* **YOUR GOAL**: Look in the material below for the line holding "Boy or Girl Balloon - Colour". Set it down exactly, with each later line up to and including the line holding "Lelo Dot violet, stimulateur".

* **MATERIAL SHOWN**:

- - - -

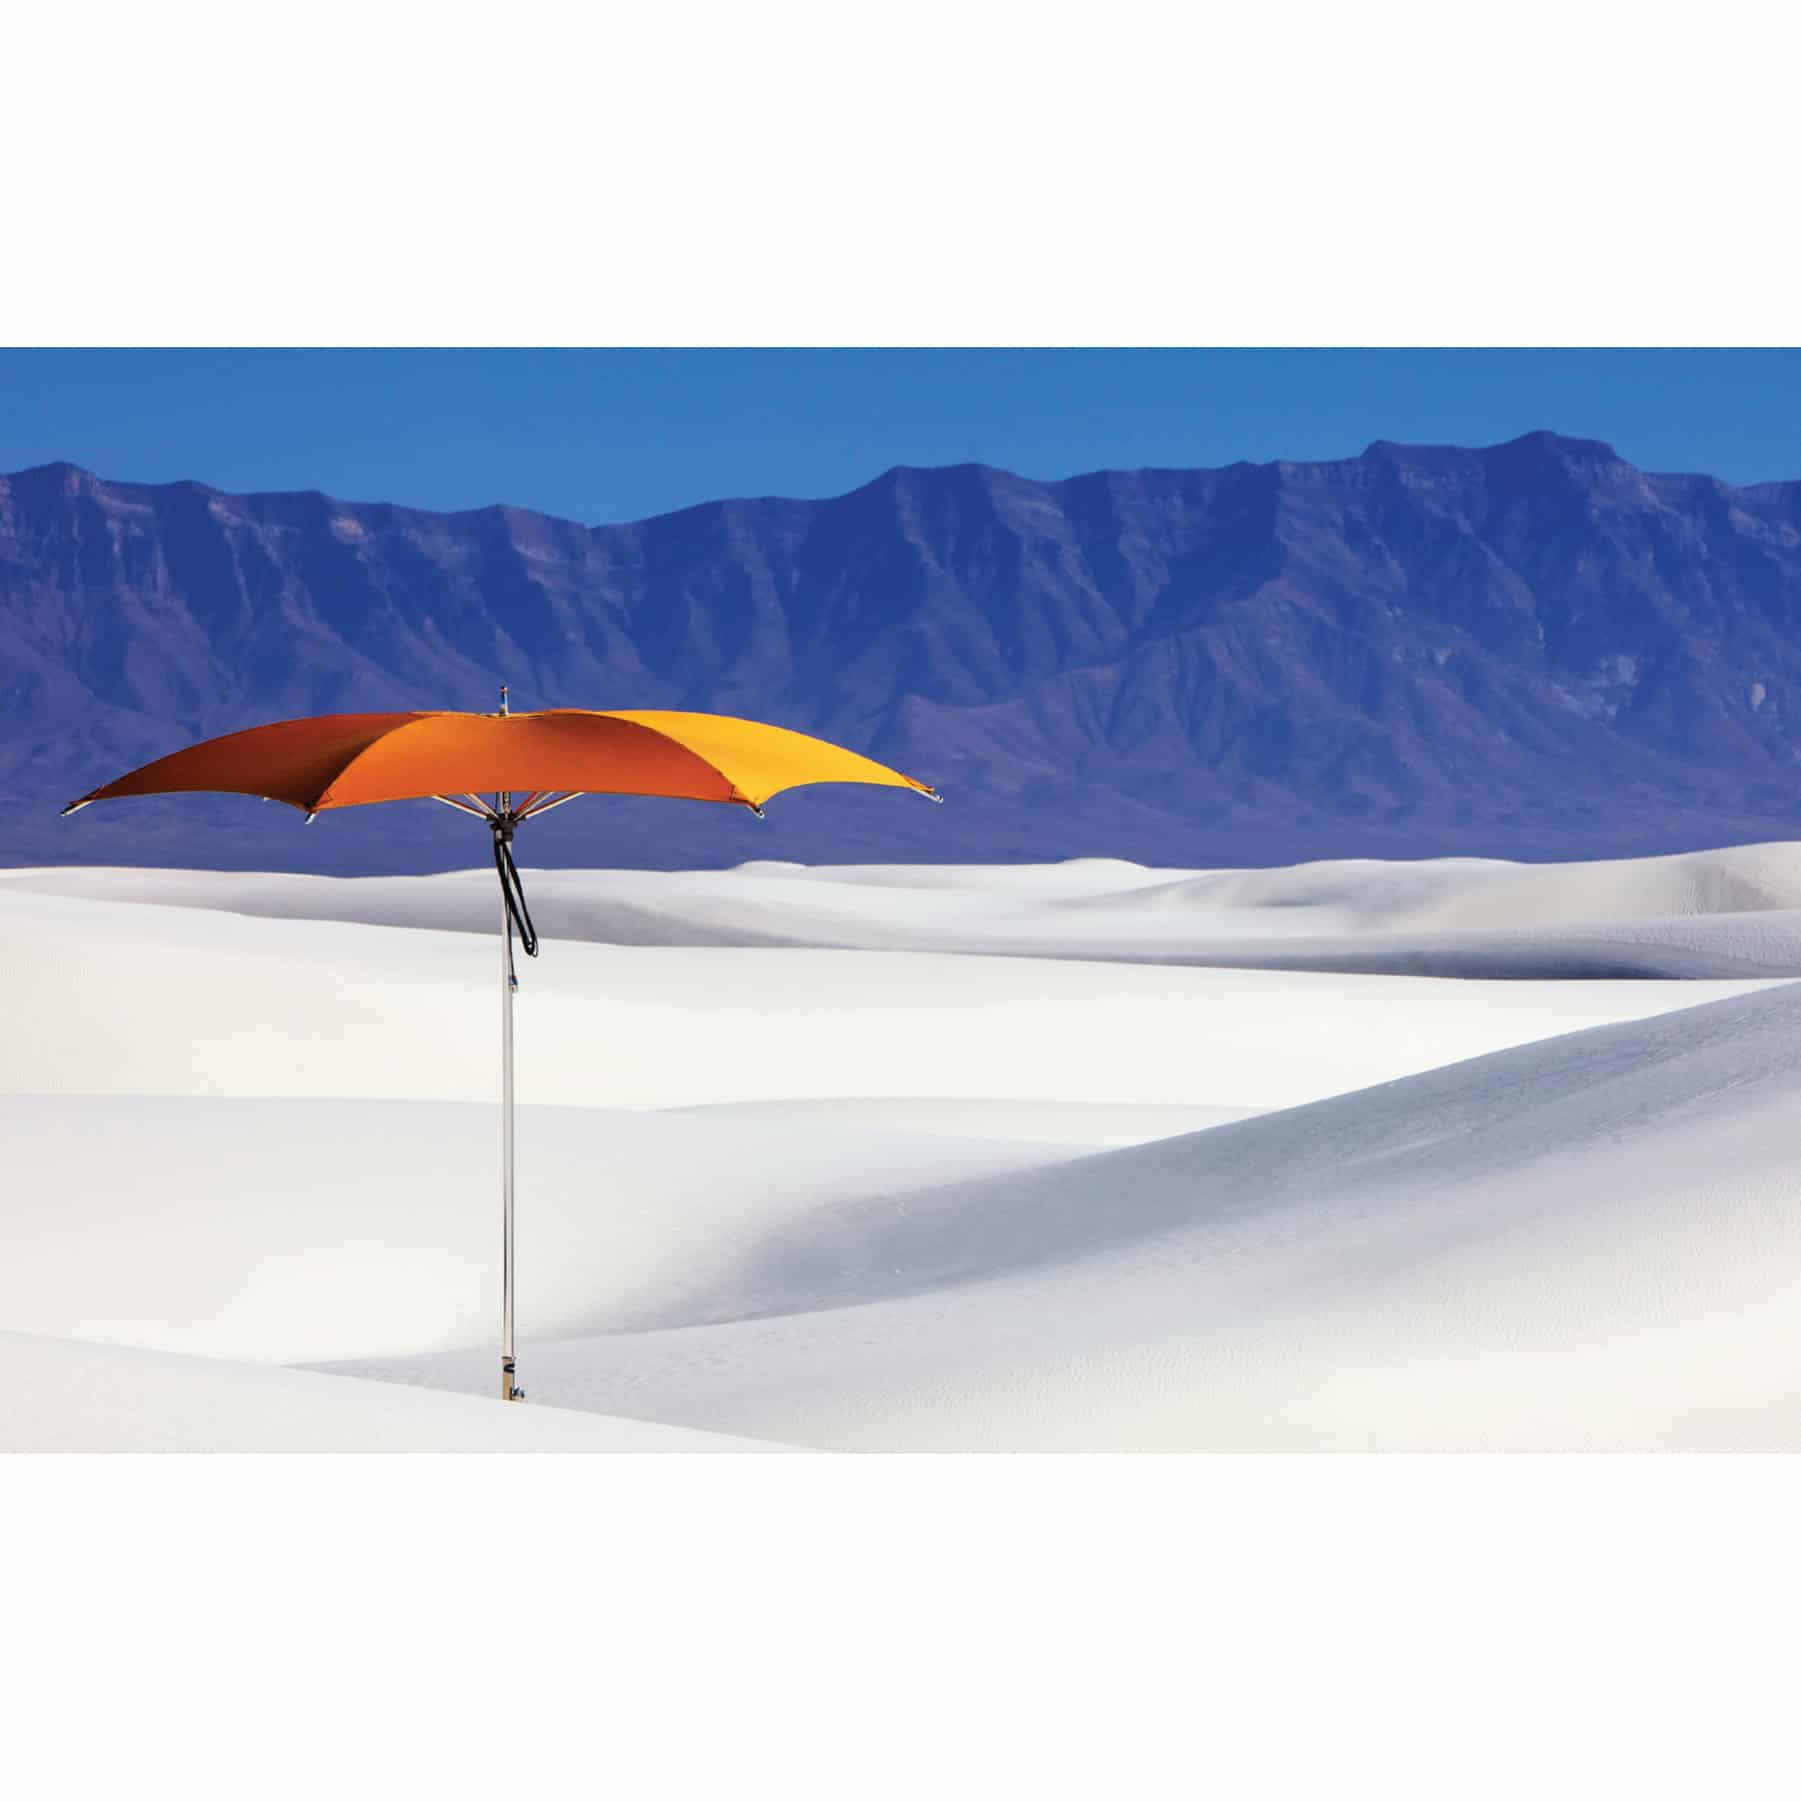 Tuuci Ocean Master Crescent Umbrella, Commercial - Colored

- - - -

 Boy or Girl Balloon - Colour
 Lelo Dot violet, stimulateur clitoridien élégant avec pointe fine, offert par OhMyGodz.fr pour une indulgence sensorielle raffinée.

- - - -

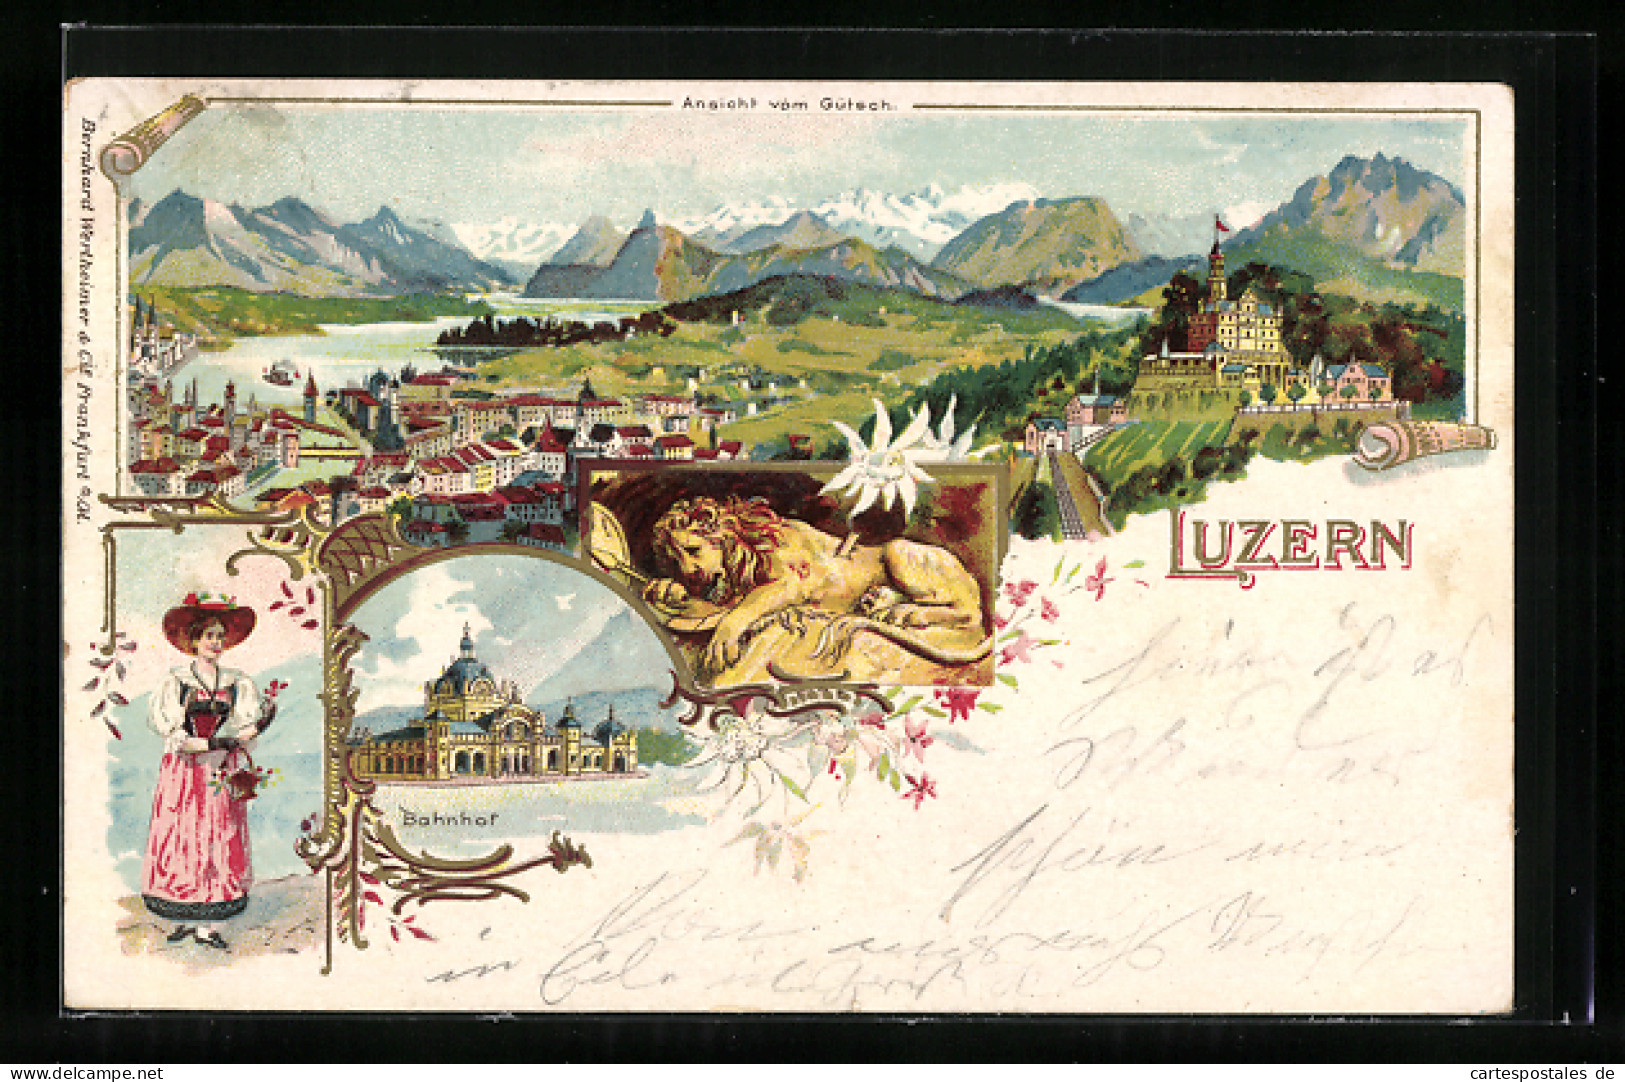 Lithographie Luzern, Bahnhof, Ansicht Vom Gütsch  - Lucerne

- - - -

* **WRITTEN SOLUTION**:
 Boy or Girl Balloon - Colour
 Lelo Dot violet, stimulateur clitoridien élégant avec pointe fine, offert par OhMyGodz.fr pour une indulgence sensorielle raffinée.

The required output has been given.